• **Directions**:
Your task is to repeat exactly the lines from the one with "Laughing at me(Irving" through the end of the records, both included; please leave the pictures out.

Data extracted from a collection

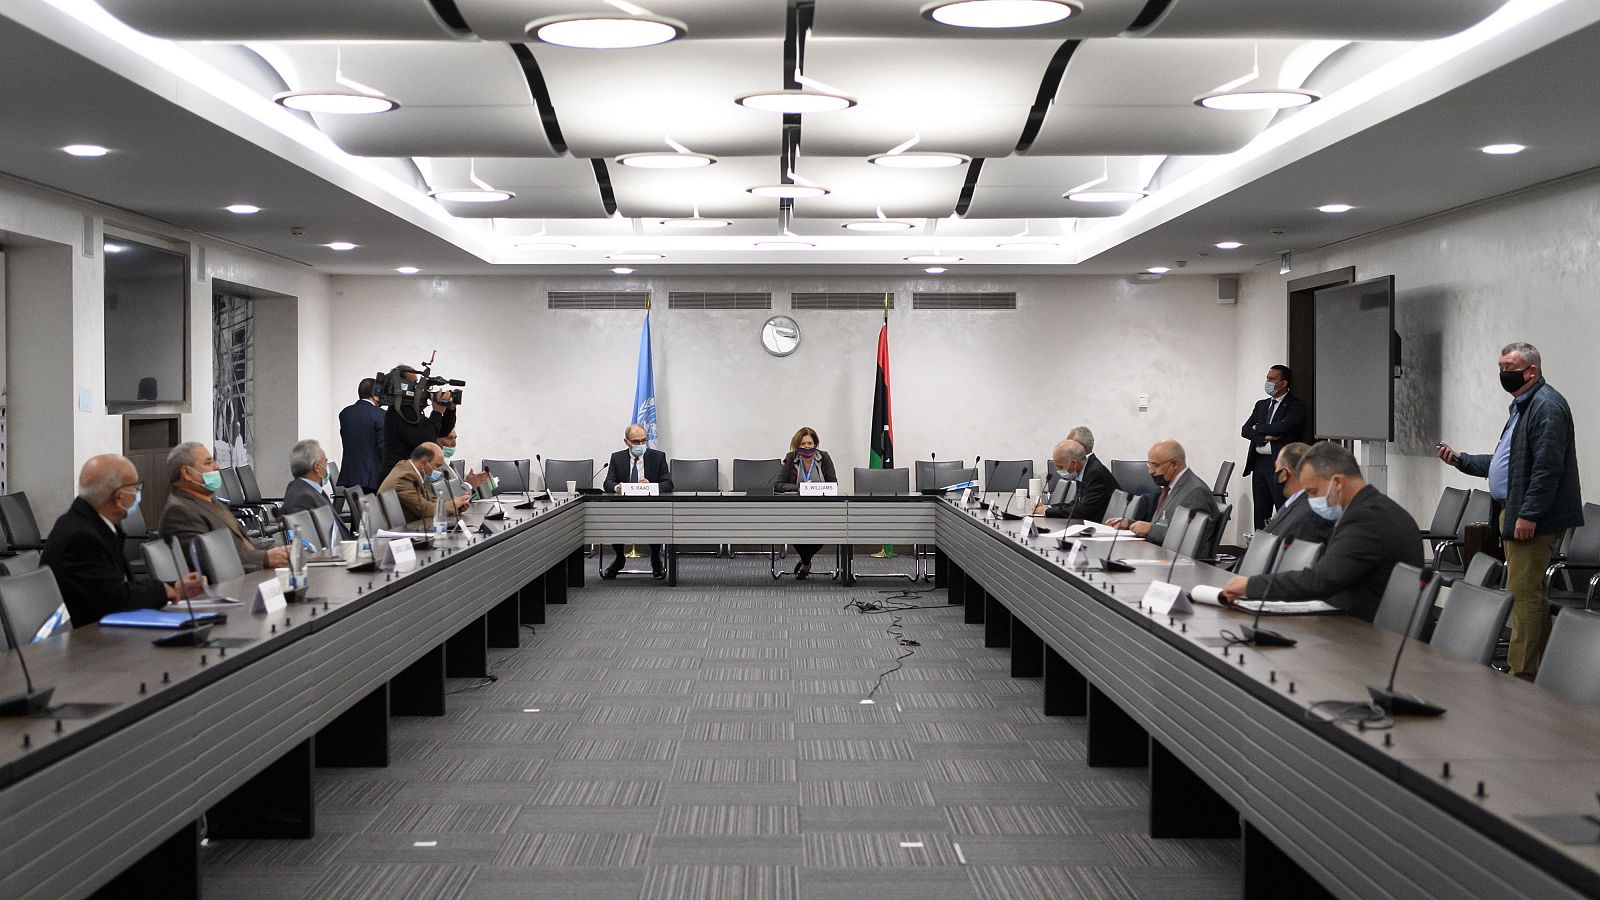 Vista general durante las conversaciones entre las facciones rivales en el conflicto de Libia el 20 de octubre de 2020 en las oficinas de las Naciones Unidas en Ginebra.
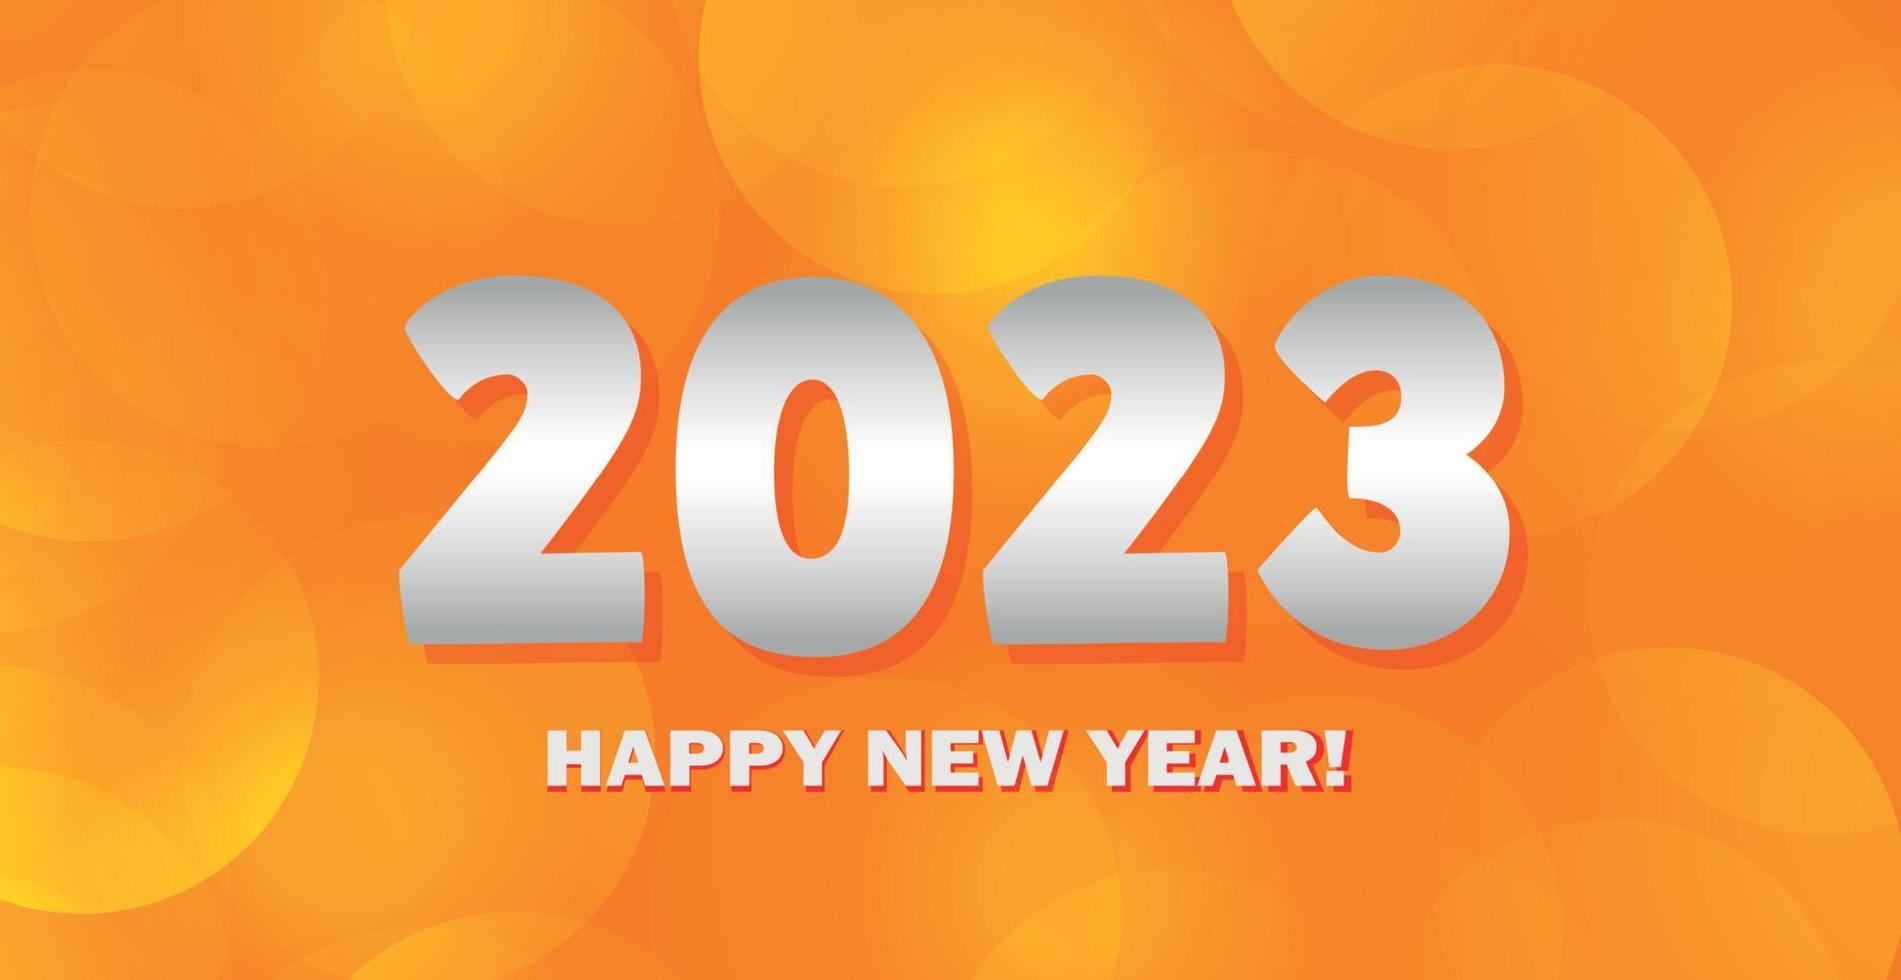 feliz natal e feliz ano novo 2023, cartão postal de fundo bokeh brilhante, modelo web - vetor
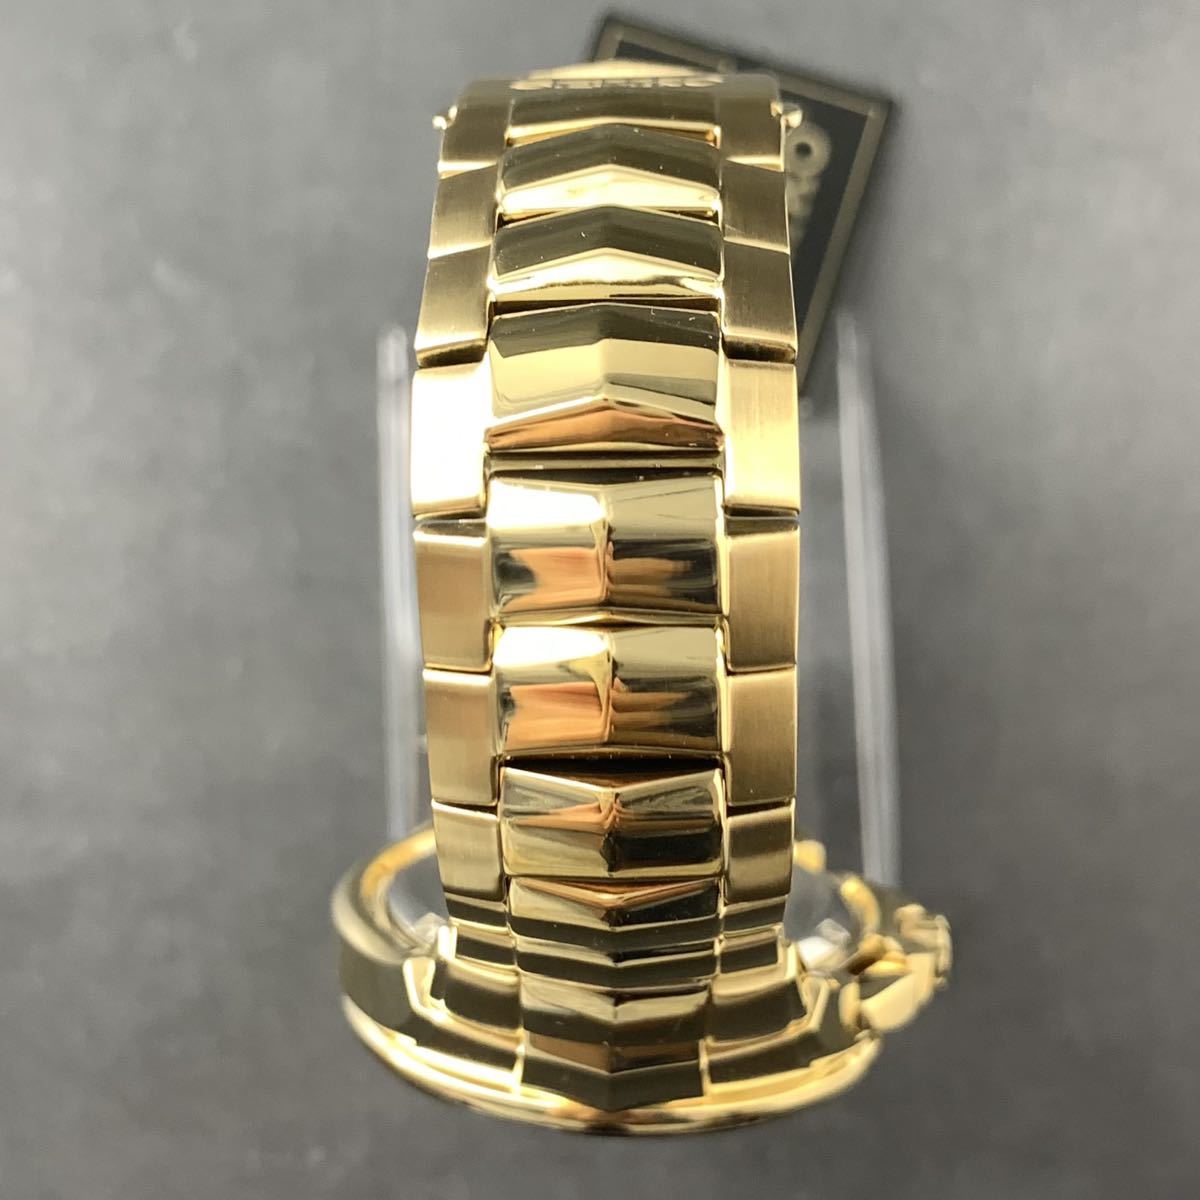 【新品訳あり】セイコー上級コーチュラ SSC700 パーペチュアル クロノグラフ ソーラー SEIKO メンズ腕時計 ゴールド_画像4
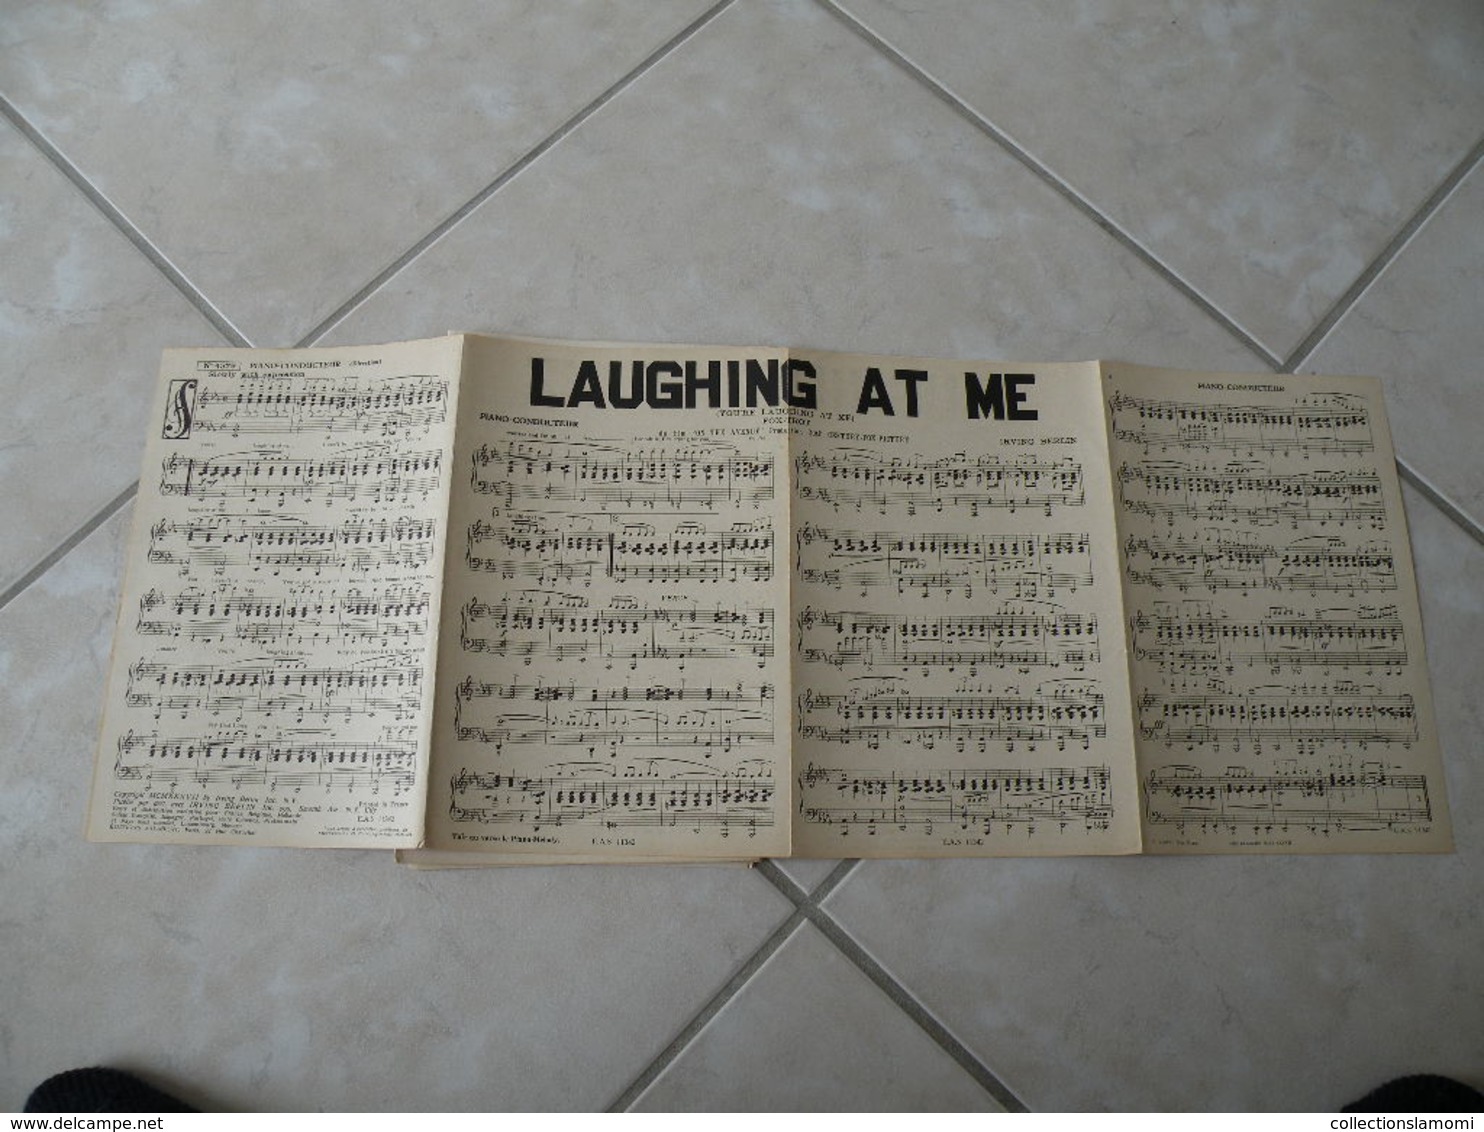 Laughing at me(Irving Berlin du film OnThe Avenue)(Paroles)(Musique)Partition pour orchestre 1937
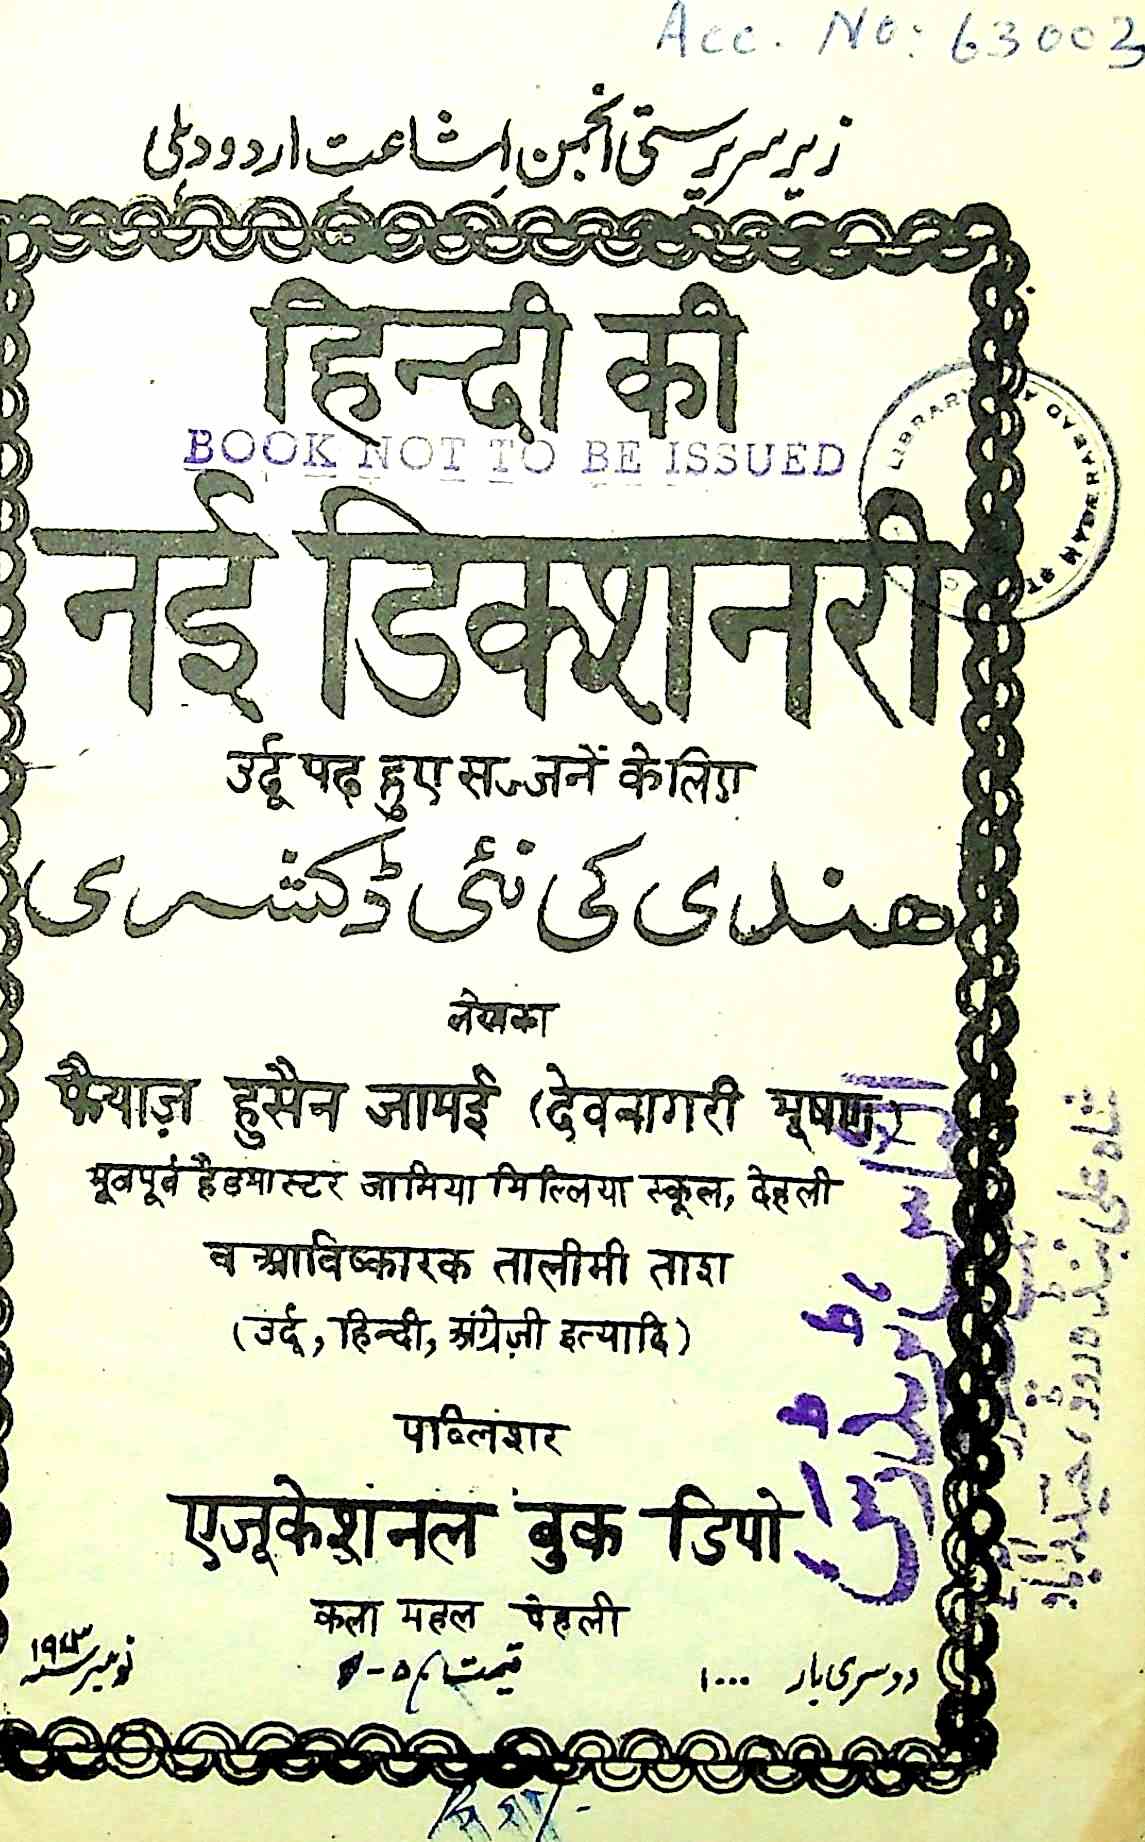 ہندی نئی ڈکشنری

• **Task output**:
 Laughing at me(Irving Berlin du film OnThe Avenue)(Paroles)(Musique)Partition pour orchestre 1937
 ہندی نئی ڈکشنری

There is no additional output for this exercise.